Volkswagen

Der Glanz fehlt

Der Wandel von Volkswagen von einem Fahrzeughersteller zum softwareorientierten Mobilitätsdienstleister ist schon in vollem Gang. Glanz verbreitet der VW-Konzern aber trotz Rekordgewinns nicht.

Der Glanz fehlt

Die neue Konzernstrategie, die den Weg bis 2030 vorgibt, ist seit gut zwei Wochen bekannt. Der Wandel von Volkswagen von einem Fahrzeughersteller zum softwareorientierten Mobilitätsdienstleister indes ist schon in vollem Gang. Die Übernahme der französischen Mietwagengesellschaft Europcar, die Europas größter Autohersteller jetzt gemeinsam mit Konsortialpartnern vereinbart hat, ist ein weiterer Schritt in der angestrebten Transformation, mit der sich die Wolfsburger auch auf Veränderungen in der Nutzung von Fahrzeugen einstellen.

Damit das Geschäft mit neuen Mobilitätsdienstleistungen wie Abo-Modellen, Mitfahrdiensten und Carsharing, dem in den kommenden Jahren schnelles Wachstum zugeschrieben wird, nachhaltig profitabel betrieben werden kann, sind Synergien gefragt – und Geschwindigkeit. Auch um das Ziel, ein führender Anbieter individueller Mobilität zu werden, schneller zu erreichen, ist Europcar mit 3500 Leihstationen in 140 Ländern und dem Flottenmanagement für Volkswagen wieder interessant geworden. Vor 15 Jahren hatte der Konzern Europcar an einen Finanzinvestor verkauft, weil das Unternehmen, das nun einschließlich Schulden und Pensionsverpflichtungen mit fast 3 Mrd. Euro bewertet wird, nicht zum Kerngeschäft passte.

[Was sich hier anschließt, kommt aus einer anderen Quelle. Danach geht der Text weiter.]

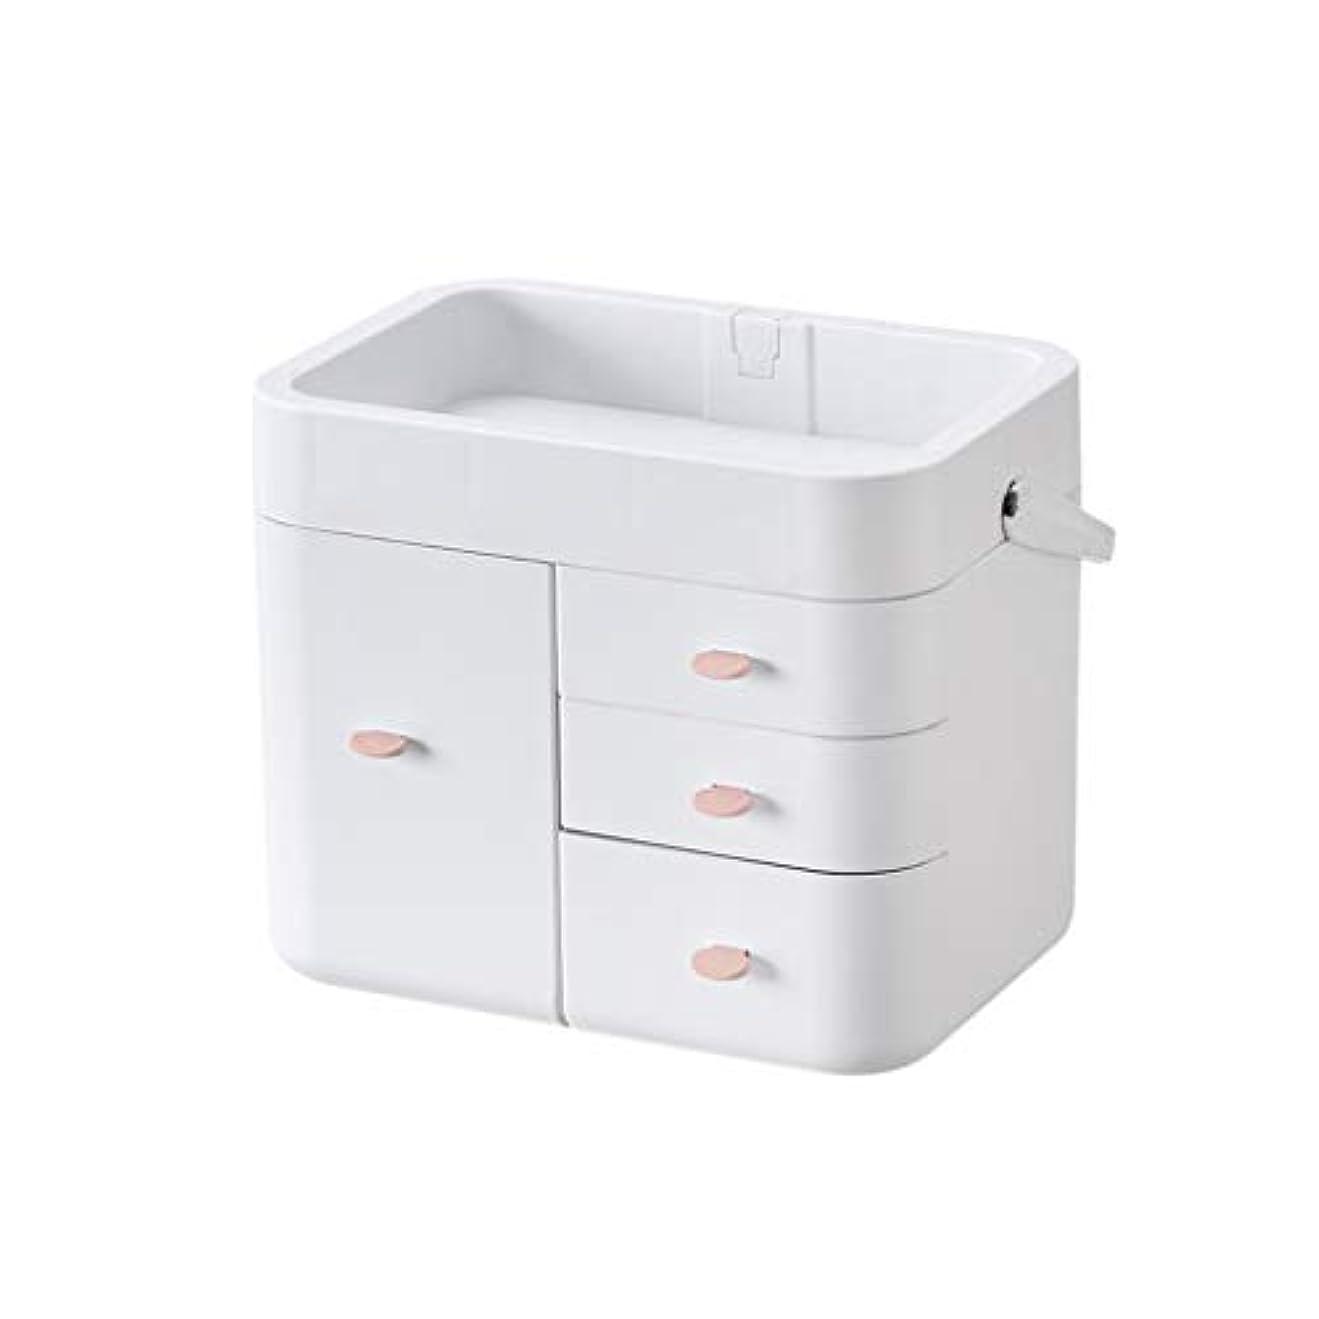 不愉快に冷笑する追跡化粧品オーガナイザー、ポータブル多機能化粧品ケース多層収納ボックス (色 : B)
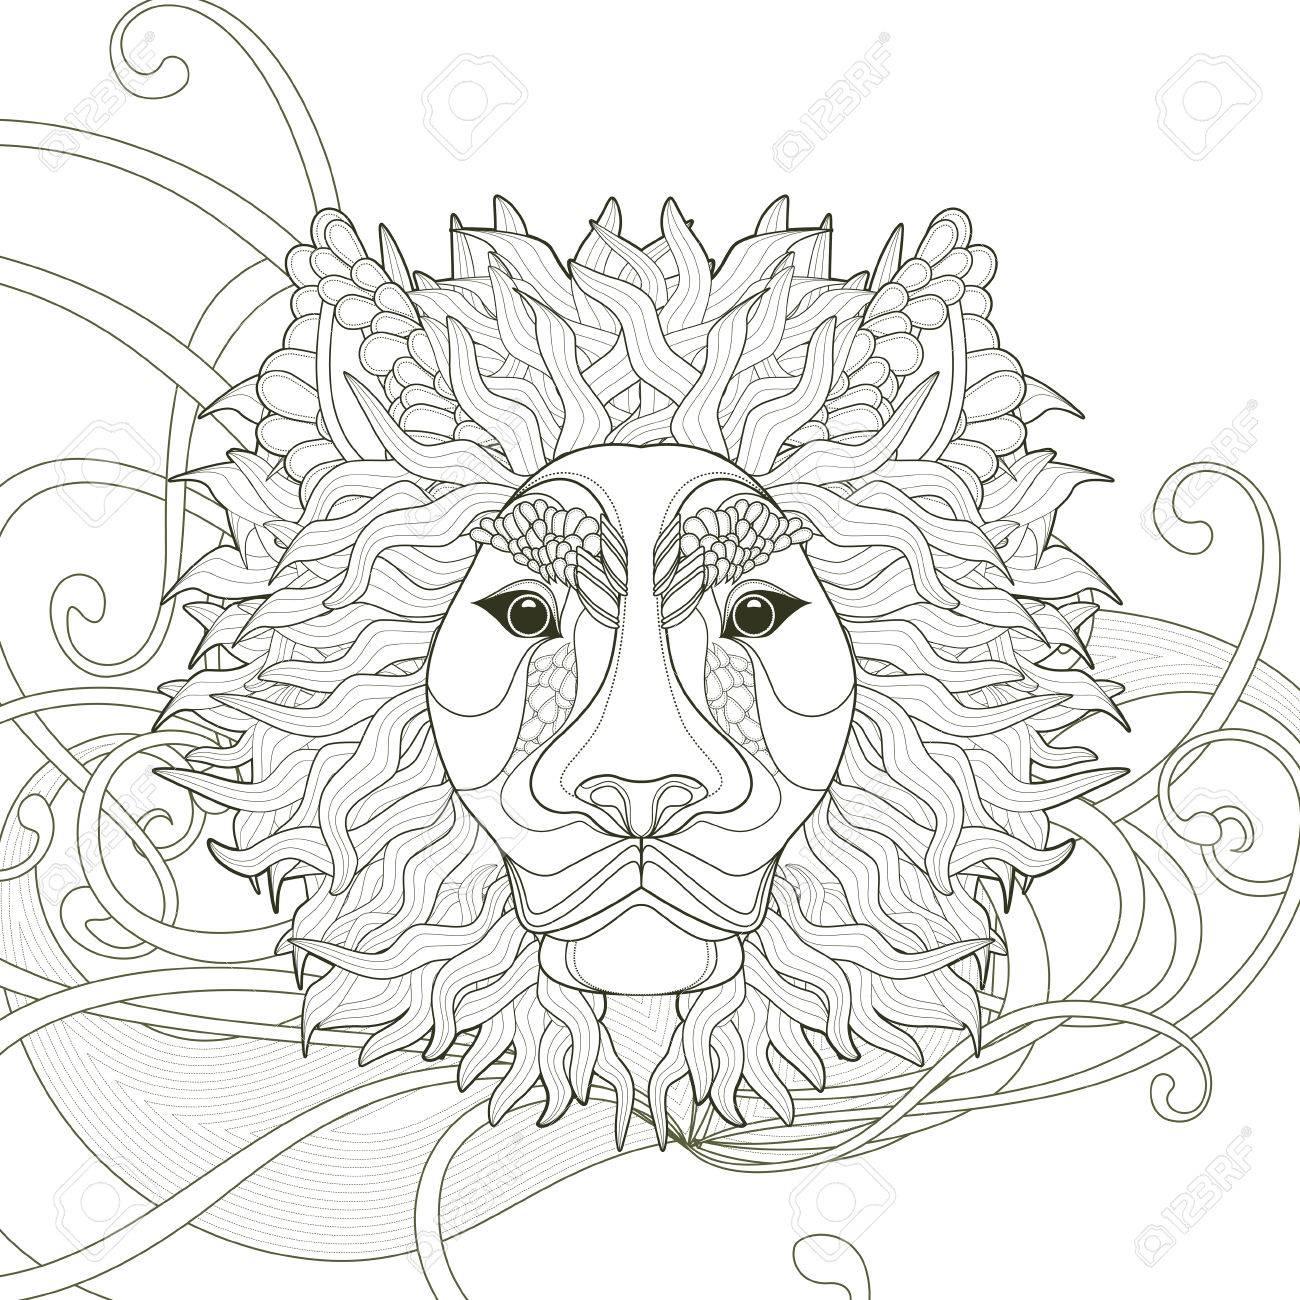 Diseño De Páginas Para Colorear León Majestuoso En Un Estilo ...

Finanziell tragen kann Volkswagen den Erwerb der Mietwagenfirma, die zu einer Mobilitätsplattform weiterentwickelt werden soll, leicht. Mit dem besten operativen Ergebnis in einem ersten Halbjahr, das von gestiegenen Auslieferungen der margenstarken Premiummarken so­wie von einem mehr als verdoppelten Gewinn der Finanzdienstleistungssparte profitierte sowie deutlichen Steigerungen bei Netto-Cash-flow und Nettoliquidität im Autobereich, hat der Konzern seinen Anspruch untermauert, den kostspieligen Wandel in den kommenden Jahren aus eigener Kraft zu stemmen.

Allerdings kam das deutlich verbesserte Ergebnis auch zu­stande, weil sich die margen­orientierte Steuerung im Konzern infolge des Chipmangels in der Autobranche vor allem auf die ertragsstarken Produkte ausrichtete und Lagerhaltung genutzt wurde. Die Engpässe in der Versorgung mit Halbleiterkomponenten sorgen weiterhin für Verunsicherung. Fragen wirft aber gerade der wichtigste Einzelmarkt China auf, in dem die führende Volumenmarke VW zuletzt Marktanteile verlor. Der anteilige operative Gewinn des Joint Ventures SAIC-VW schwächelt, die Elektrostrategie zündet noch nicht. Glanz verbreitet der VW-Konzern trotz Rekordgewinns nicht.